Herndon called back, “Lie by me till morning for I am in a sinking condition.”

The
El Dorado
’s first mate remembered the steamer captain’s voice being “as steady as if he had the best vessel in the world under him, in a smooth sea.”

“Immediately,” said Captain Stone, “I gave the order to put the wheel hard down and haul aft the main sheet and hove to, directly under his lee, say about a gunshot distant. I warned him to commence at once putting his passengers on board, supposing that he had good boats, while I had but one, a small jollyboat, which would not live in the high sea then running for a moment.”

Again came the captain’s reply, “No, no, lie by me till morning.”

Stone held as tight to the steamer as he could but within a minute or two began drifting away. He expected someone from the steamer to throw a line for him to make fast, but in the few precious seconds that passed as the schooner swept by, no one from the steamer tried to throw a line. Captain Stone assumed that the steamer captain would rather wait until daylight to begin launching his lifeboats than risk losing men overboard in the darkness. He yelled, “Set your lights,” and by then had drifted out of hailing distance.

“During the time that I was talking with the captain I could hear the passengers crying and halloing, sounding like one simultaneous burst of shouting.”

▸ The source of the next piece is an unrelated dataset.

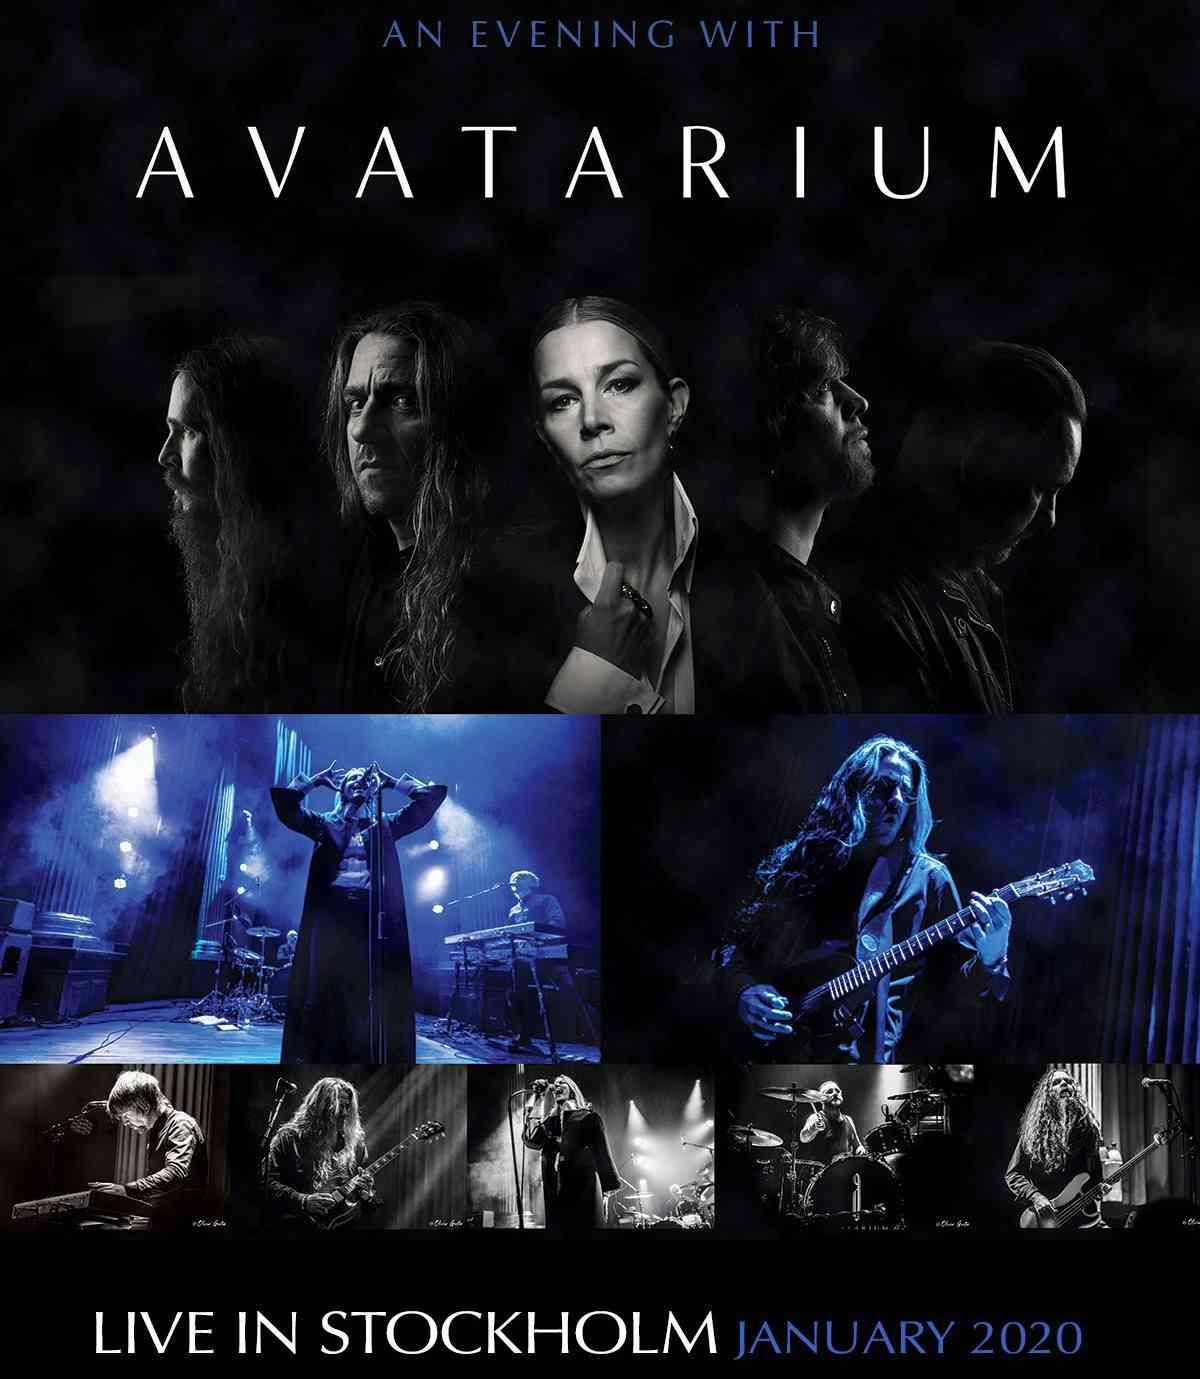 avatarium - An Evening With Avatarium - album cover

As they moved slowly away, the seamen of the
El Dorado
estimated the crowd on the steamer’s deck at seven hundred, and even above the din of the wind and the waves they could hear a roar of voices rising. The schooner was trying to hold position as Captain Stone prepared to receive
the steamer’s passengers at first light the following morning. Rain fell and the captain ordered his men to catch the water running from the top of the deckhouse over the schooner’s cabin, so that they might be supplied with fresh water. Then he went forward and gave the mate orders to get ready to throw over their cargo to make room for the passengers. He told the steward to be careful of every drop of fresh water and the provisions, “as we should have that whole ship’s company on board in the morning.”

Captain Herndon now went around his ship asking the men to stand by her till morning, that he thought he could keep her afloat if they just continued to bail. At daybreak they would see the early light wash in colors across the receding clouds and the waves lying down and the wind abating, the
Central America
still afloat under them. “We all agreed to do so,” said one passenger, “and continued to bail.” Herndon directed James Frazer to take charge of the arms chest and every half hour to send up a rocket.

Lights had been set on both vessels, for in a sky already darkened by storm, night was coming on.